What is the smallest number by which 625 must be divided so that the quotient is a perfect cube ?

To find the smallest number by which 625 must be divided so that the quotient is a perfect cube, we can follow these steps: ### Step 1: Factor 625 First, we need to find the prime factorization of 625. 625 can be expressed as: \[ 625 = 5 \times 5 \times 5 \times 5 = 5^4 \] ### Step 2: Understand the condition for a perfect cube A number is a perfect cube if all the exponents in its prime factorization are multiples of 3. In our case, we have: \[ 5^4 \] The exponent 4 is not a multiple of 3. ### Step 3: Determine how to adjust the exponent To make the exponent a multiple of 3, we need to reduce it.
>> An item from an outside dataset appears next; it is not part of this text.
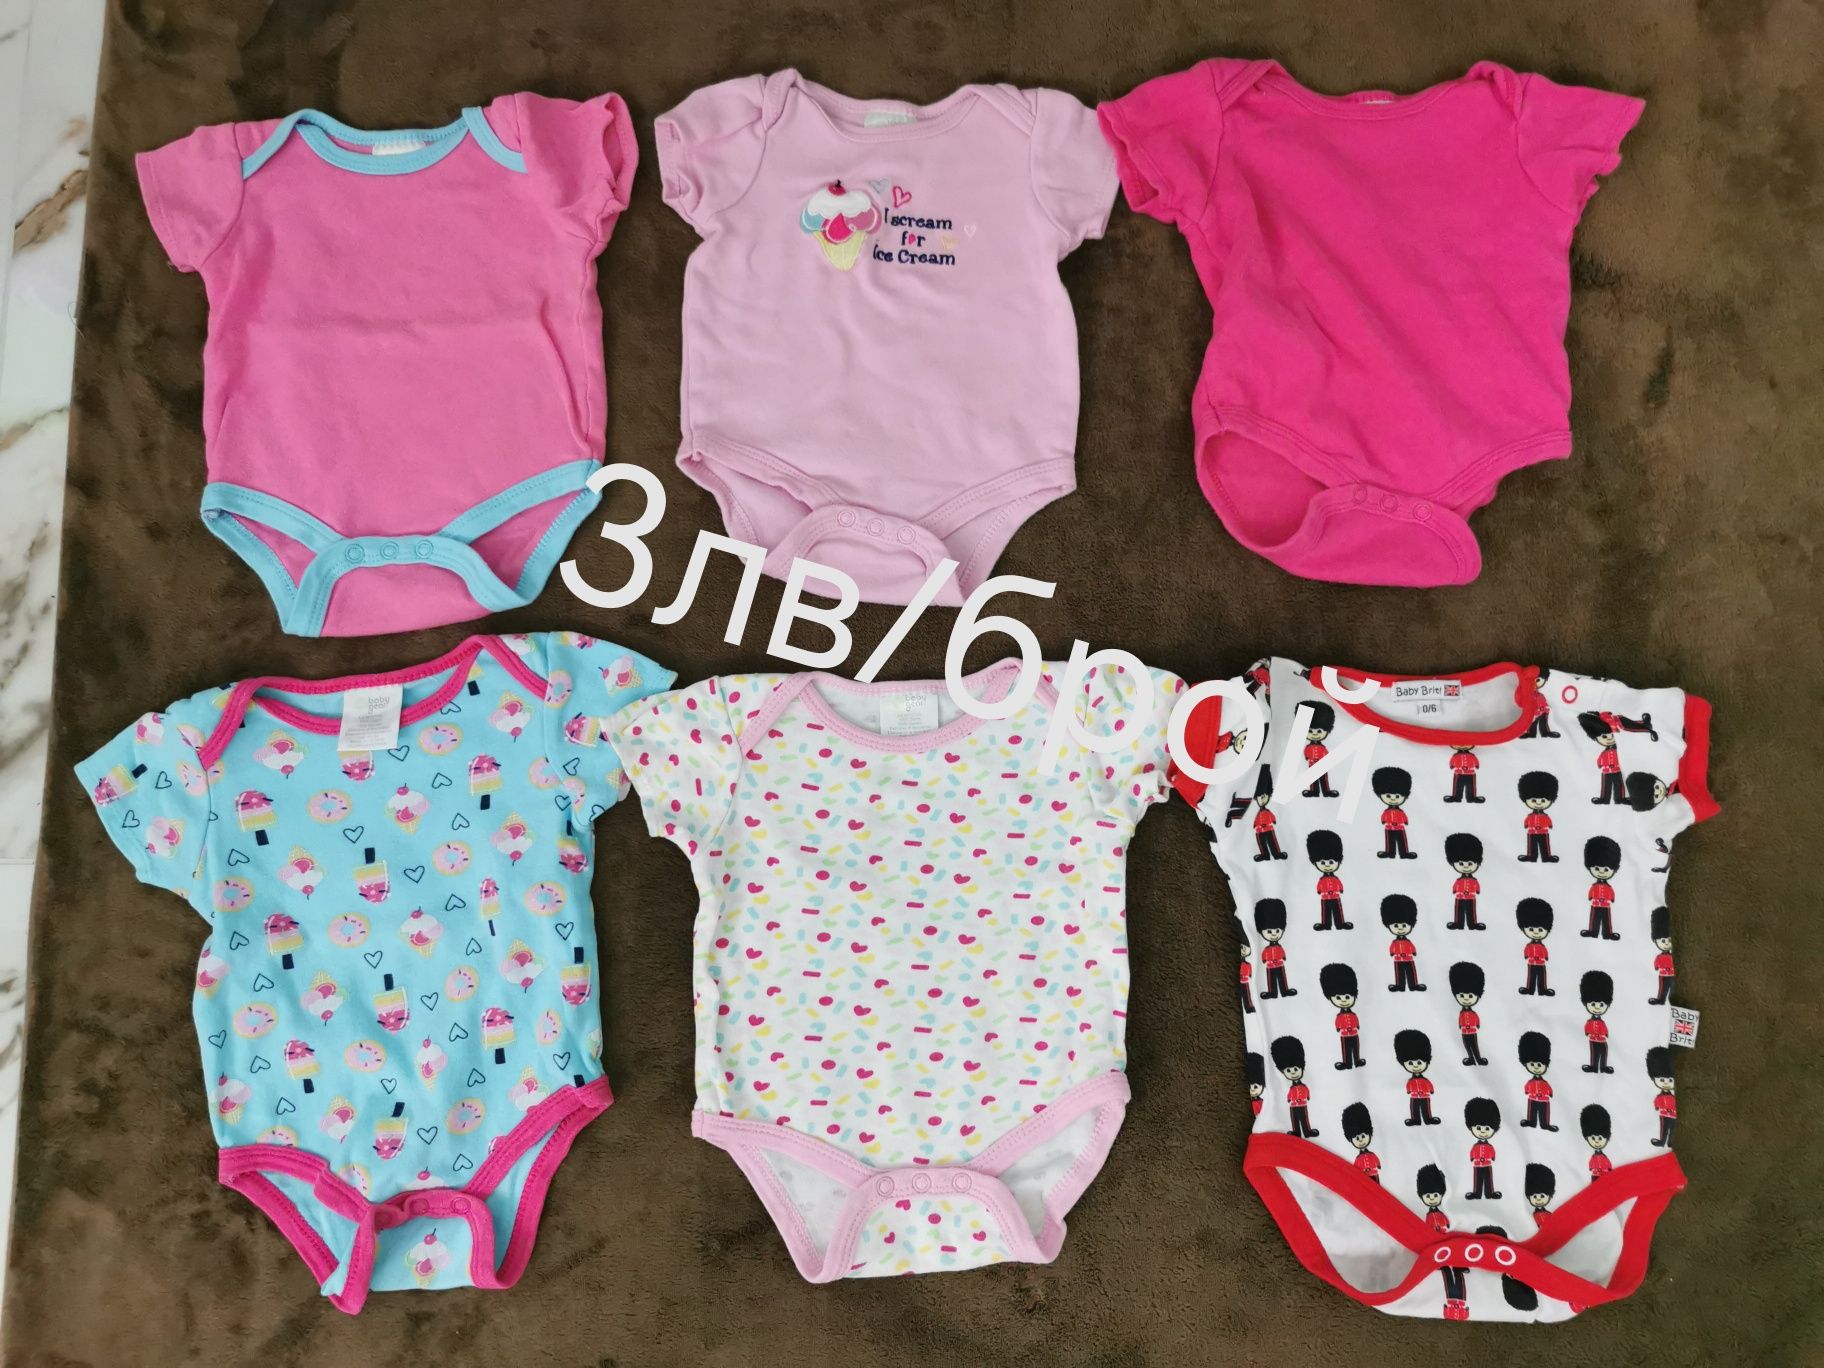 Бебешки дрехи за момиче, 0-3м, 3-6м

The nearest multiple of 3 that is less than 4 is 3. Therefore, we need to reduce the exponent from 4 to 3. ### Step 4: Calculate how much to divide To reduce the exponent from 4 to 3, we need to remove one factor of 5. This means we need to divide 625 by \( 5^1 \) (which is 5). ### Step 5: Conclusion Thus, the smallest number by which 625 must be divided to get a perfect cube is: \[ \text{Answer} = 5 \] ### Final Answer: The smallest number by which 625 must be divided so that the quotient is a perfect cube is **5**. ---